Systems thinking is required to tackle the challenge of managing both flood risk and development: to live in harmony with floods. Games provide the perfect avenue for exploring these challenges. Games that engage participants have been shown to be very successful and powerful dissemination instruments—with broader outreach than traditional reports. In a team made up of myself, Piotr Magnuszewski from the Water Program, Adam French from the Advanced Systems Analysis and Risk and Resilience Programs, and collaborators from the Zurich Flood Resilience Alliance, we have been developing a game that can help build flood resilience in developing countries.

 

© Adriana Keating

The game provoking discussion at a workshop in Jakarta. © Adriana Keating

Because games are experienced as something that feels real, more information is retained, learning is faster, and an intuition is gained about how to make real decisions. Critically, the IIASA Flood Resilience Game is designed to help participants— such as NGO staff working on flood-focused programs—to identify novel policies and strategies which improve flood resilience. In its current form it is a board-game played by at least eight players, who each take on a role as a member of a flood prone community. The direct interactions between players create a rich experience that can be discussed, analysed, and lead to concrete conclusions and actions. This allows players to explore vulnerabilities and capacities—citizens, local authorities and NGOs together—leading to an advanced understanding of interdependencies and the potential for working together.

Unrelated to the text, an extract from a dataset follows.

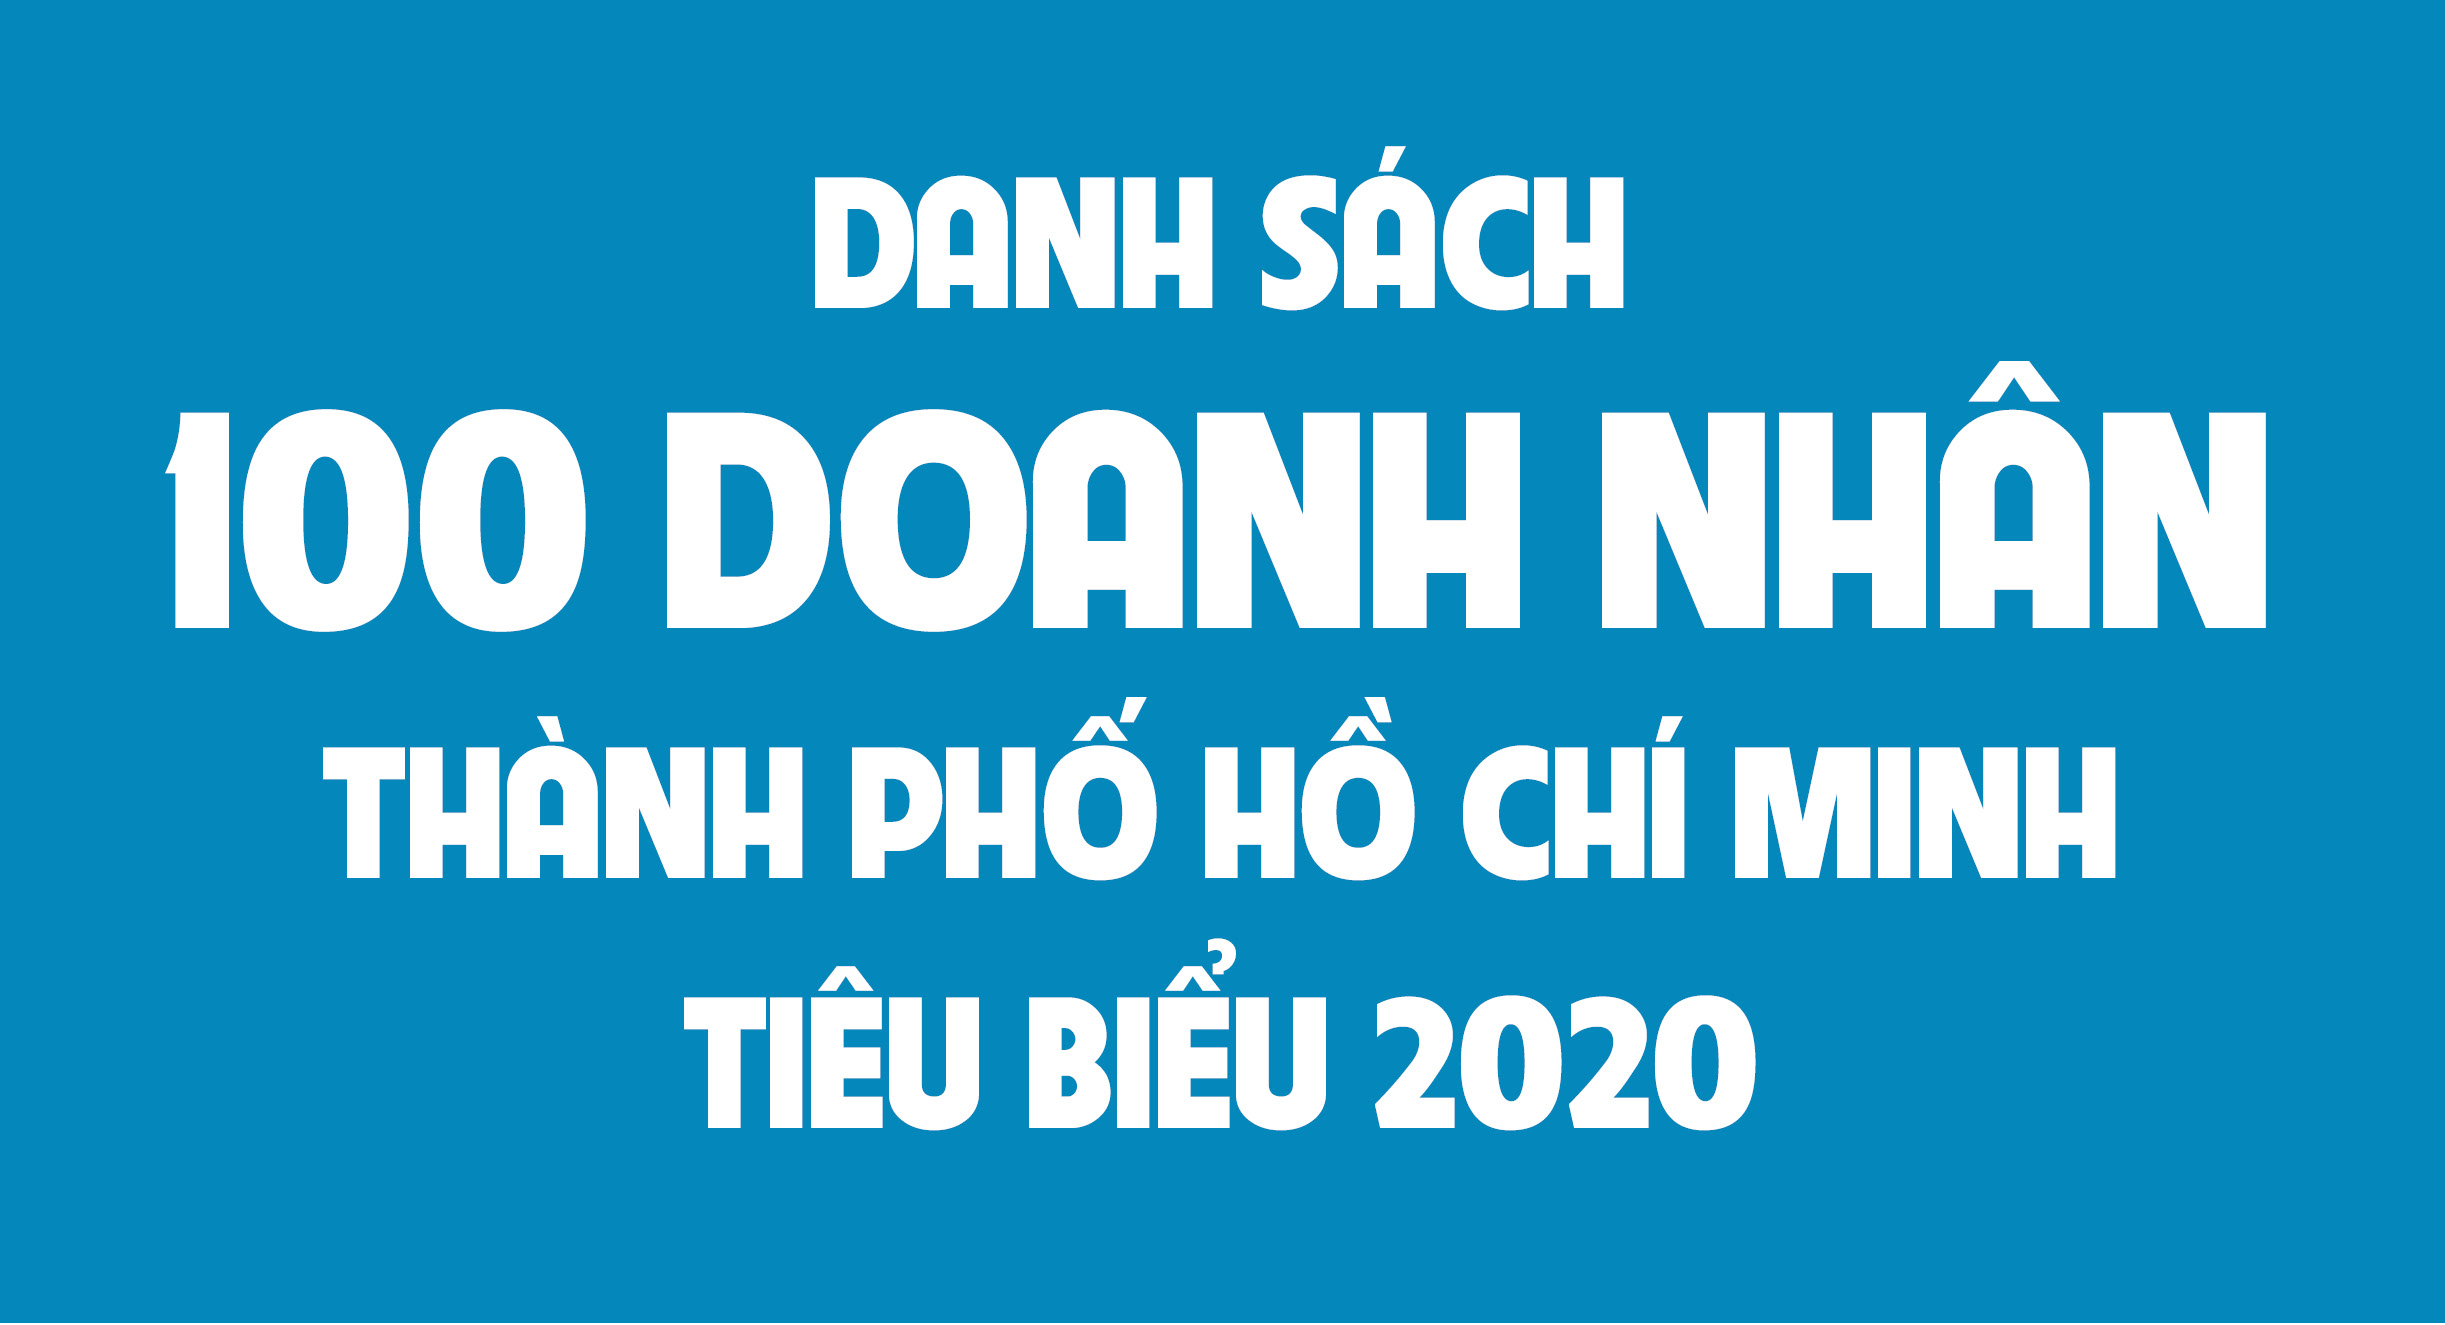 Danh sách 100 Doanh nhân Thành phố Hồ Chí Minh tiêu biểu 2020

The game draws on IIASA research on the deep-seated challenges in the typical approach to flood risk management. It allows players to experience, explore, and learn about the flood risk and resilience of communities in river valleys. It lets them experience the effects on resilience of investments in different types of “capital”—such as financial, human, social, physical, and natural. The impacts of flood damage on housing and infrastructure are also an important part of the game, as well as indirect effects on livelihoods, markets, and quality of life.

Adam French

Players in Peru. © Adam French.

Playing the game can also improve understanding of the influence of preparedness, response, reconstruction on flood resilience. Importantly, it demonstrates the benefits of investment in risk reduction before the flood strikes, such as via land use planning and flood proofing homes. The effects of institutional arrangements, such as communication between citizens and with government, also become clearer during the course of the game.

Finally, participants can explore the complex outcomes on the economy, society and the environment from long-term development pathways. This highlights the types of decisions needed to avoid creating more flood risk in the future, incentivizing action before a flood through enhancing participatory decision-making. All these complex ideas are experienced with simple, concrete game elements that participants can connect with their daily realities.

From a researcher’s perspective, observing game play deepens our understanding of stakeholder motivations in relation to flood resilience. The game also contributes to better understanding and use of IIASA research via the Zurich flood resilience measurement tool, a ground-breaking approach to resilience measurement.

After several field tests in Jakarta and Lima with staff from the NGOs Practical Action, Red Cross Indonesia, the International Federation of Red Cross and Red Crescent Societies, Mercy Corp, Plan and Concern Worldwide, the game is now being refined. The next version will be released soon, and the possibility of a mobile application to allow players to handle more complex dynamics while interacting in the workshop is being explored.

The game was developed in collaboration with the Centre for Systems Solutions, Poland, and with funding from the Zurich Flood Resilience Alliance.

Note: This article gives the views of the author, and not the position of the Nexus blog, nor of the International Institute for Applied Systems Analysis.